# Cobia video



## Brad King (Sep 30, 2007)

Took some time to do a little Cobia fishing last week. Here is an amateur attempt at making a cool video. I hope you Guys like it!

http://www.youtube.com/watch?v=Jfw7hAHpIRc&feature=youtu.be


----------



## Captain Mickey O'Reilly (Dec 18, 2008)

Great video Brad!


----------



## BlueH20Fisher (Mar 20, 2008)

Tell Jimmy he don't have to hold that gaff in the middle...


----------



## Don White (Oct 8, 2007)

Great vid for sure! :thumbup: Really gets the blood boilin.


----------



## jplvr (Mar 7, 2011)

Any idea why most of the related links are Indian related? I've been cracking up on a few of them, thinking back to hours spent talking to Capital One customer service.


----------



## Fishhead706 (Apr 26, 2009)

Great video; did you create that "snappy" track on your keyboard!!! Just kidding, thanks for posting. I have a cobia video to the F-bomb song... Trying to figure out the editing piece.


----------



## cobe killer (Apr 13, 2008)

sweet video!!!


----------



## Dragsmoker (Aug 15, 2011)

Going out Friday! My blood is now pumping! Great video


----------



## budlite (Apr 12, 2012)

nice video captin... looks like a good fight


----------



## Brad King (Sep 30, 2007)

Thanks for all the kind words Guys. Sorry for the music..LOL That was the only song on my new lap top. Some kinda sample music so I just used it..........

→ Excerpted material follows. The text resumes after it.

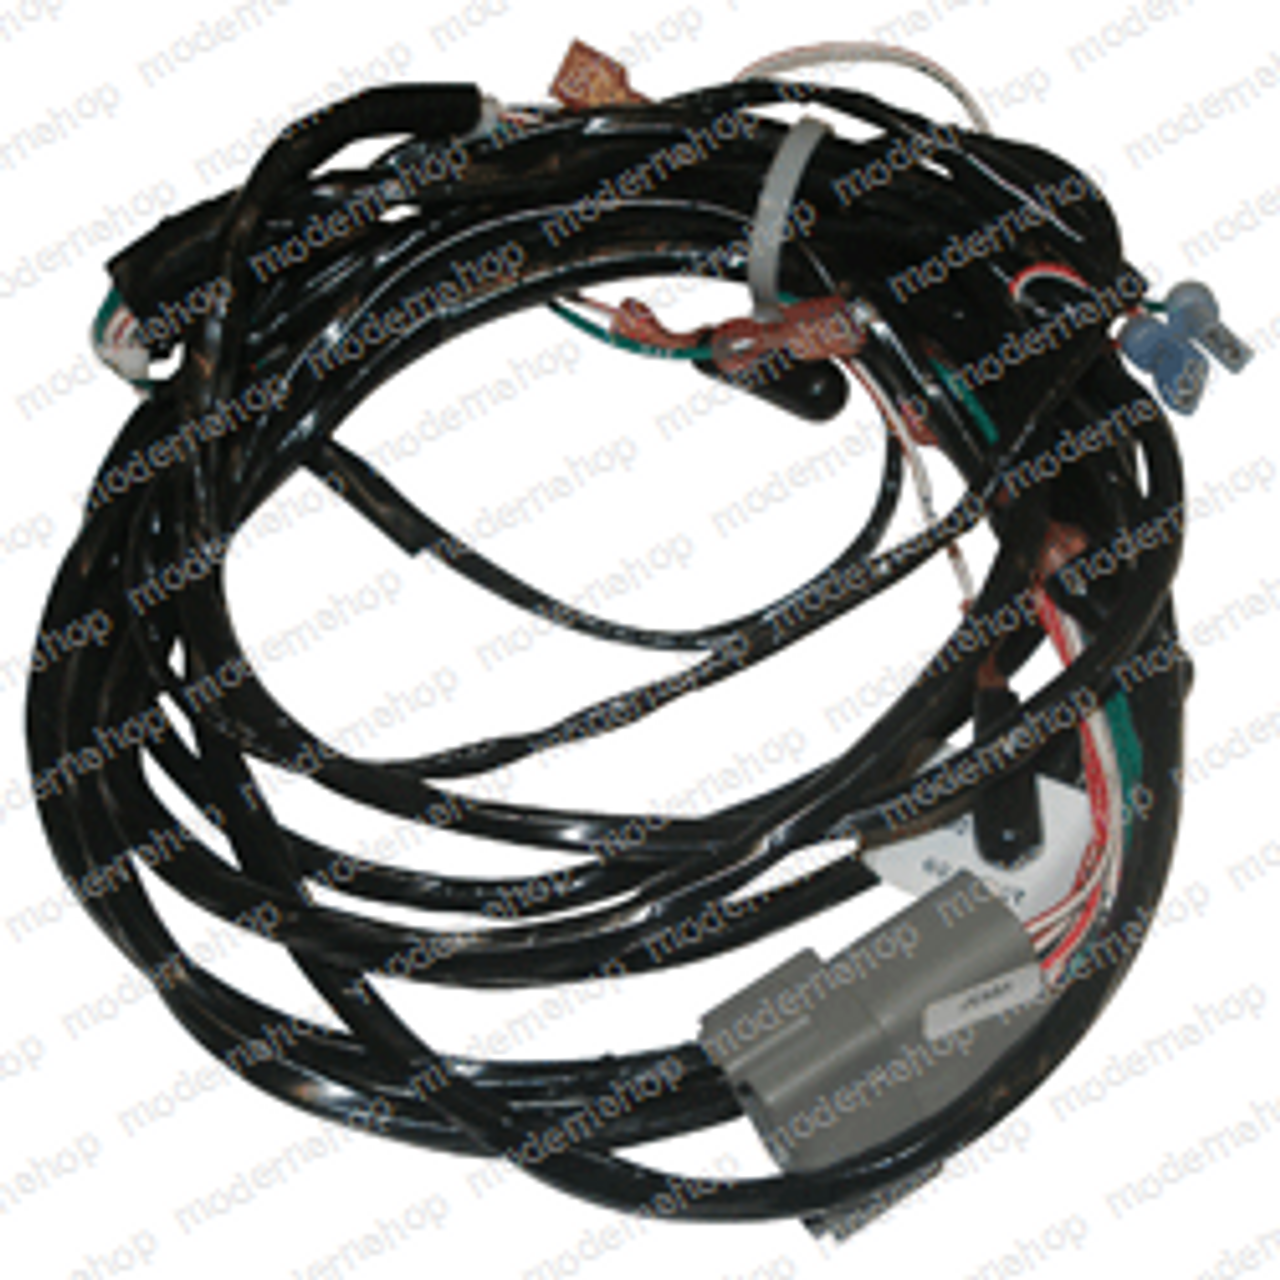 124546: Crown Forklift HARNESS SC3000 OVERHEAD GUARD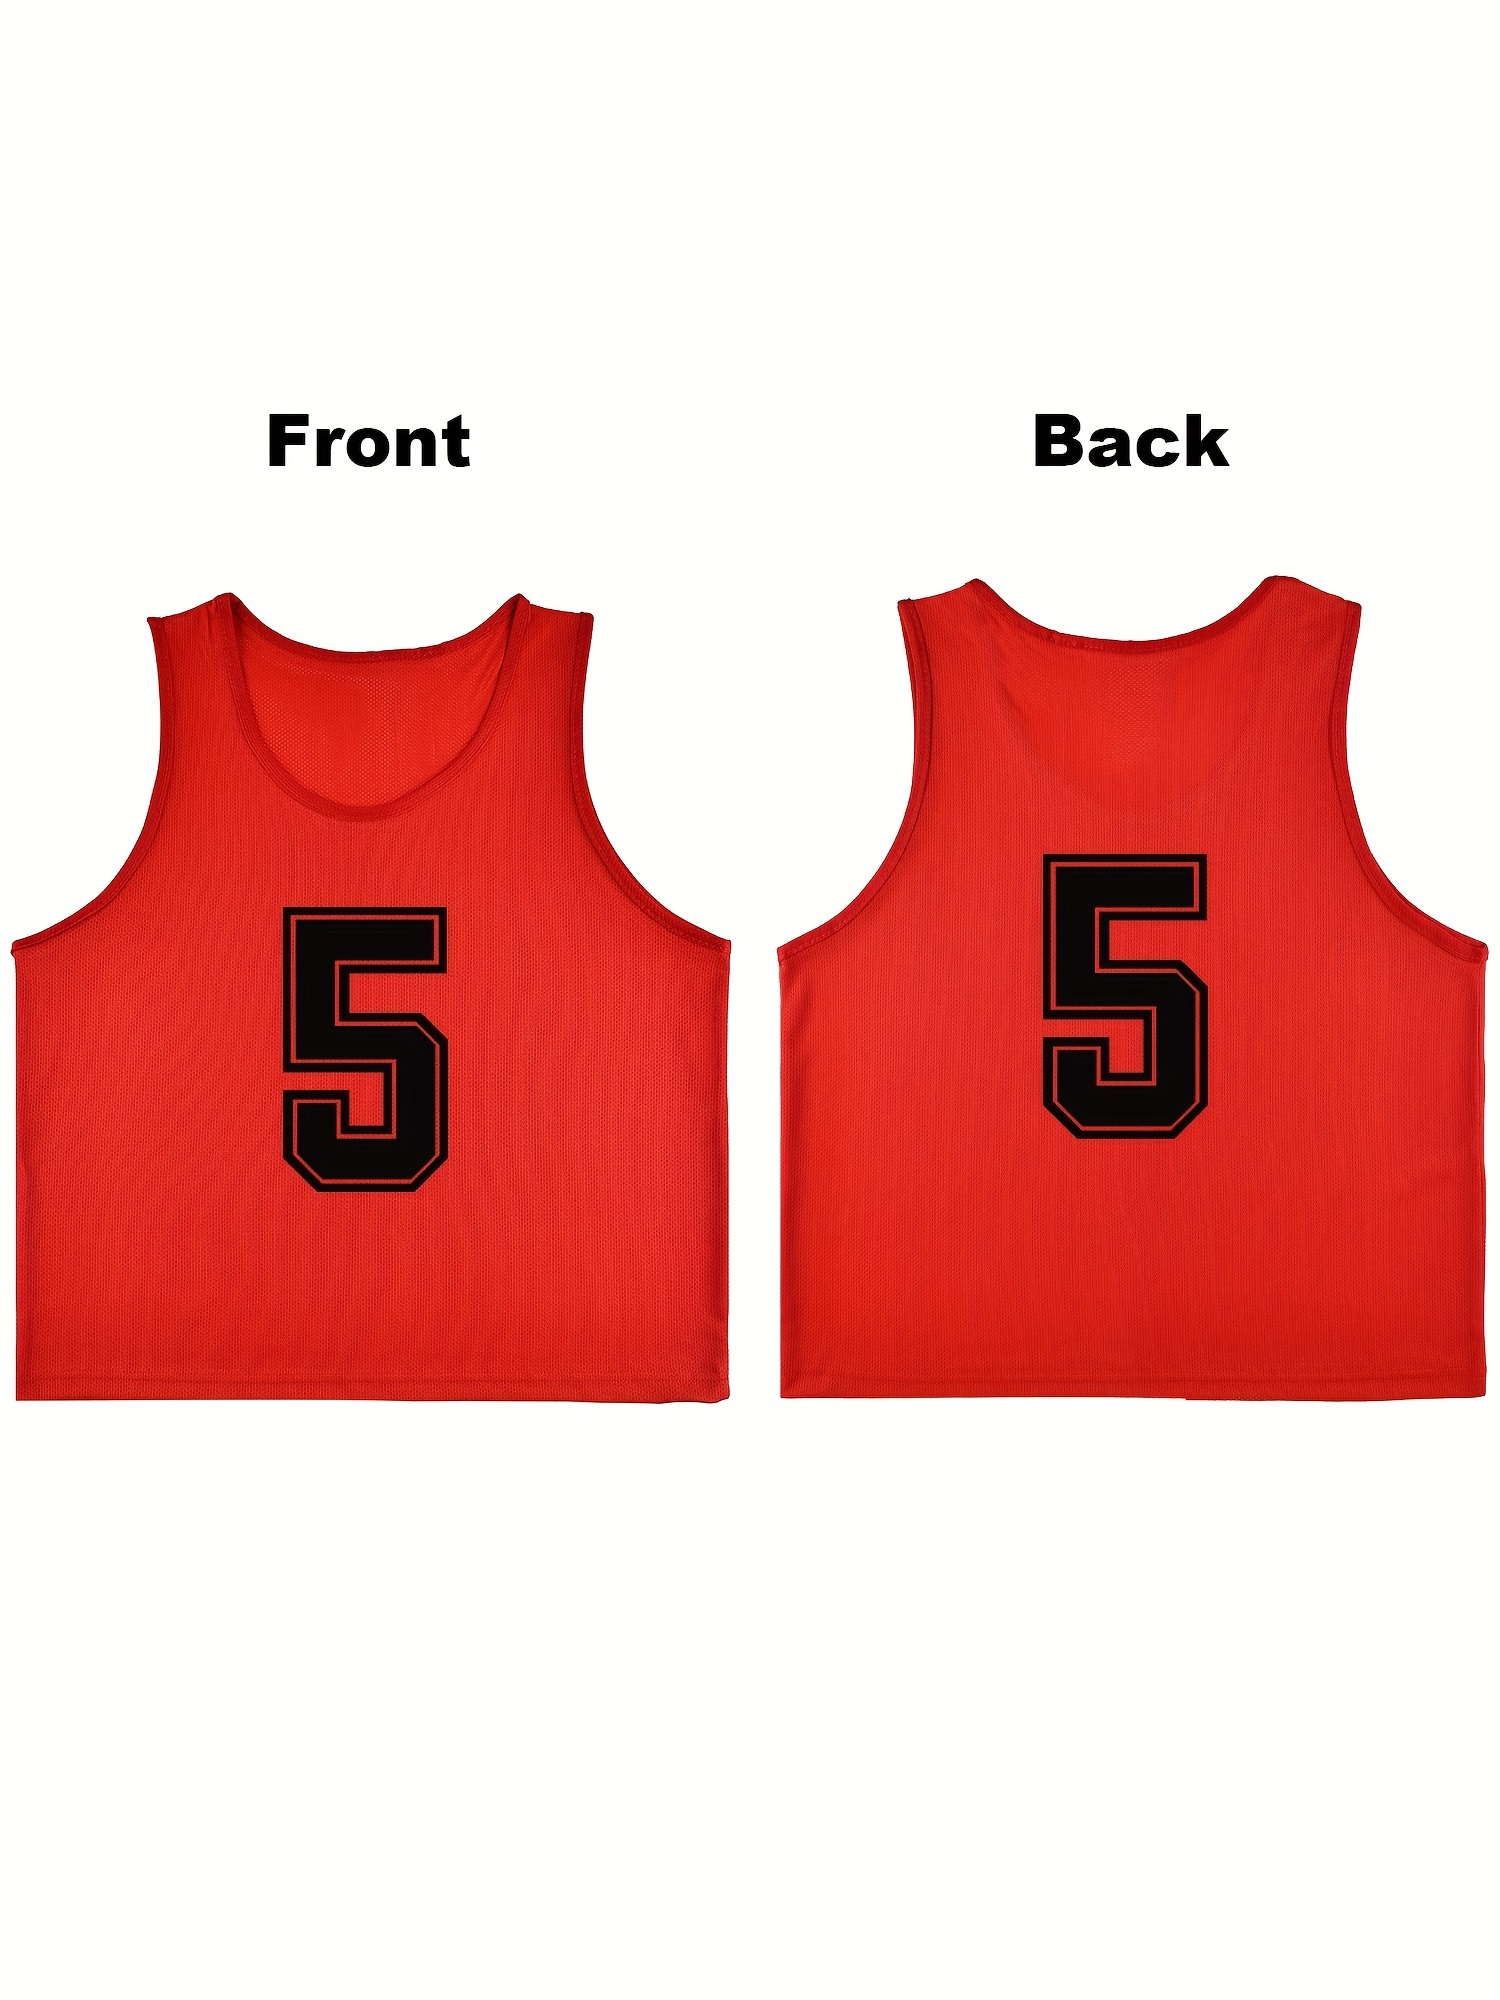 12pcs Solid Sports Pinnies, Numbered 1-12, Practice Vest for Soccer, Football, Basketball Scrimmages - Adults & Kids,Temu

Hope to make many more this year!


----------



## Captain Mickey O'Reilly (Dec 18, 2008)

About that that music...


----------



## JCW (Oct 27, 2008)

Nice work on the fish and the video


----------



## Brad King (Sep 30, 2007)

Thank You!


----------



## Achim2 (Apr 25, 2011)

Great video! Will try to fish for it on Saturday even when I have no clue how and were to catch them...


----------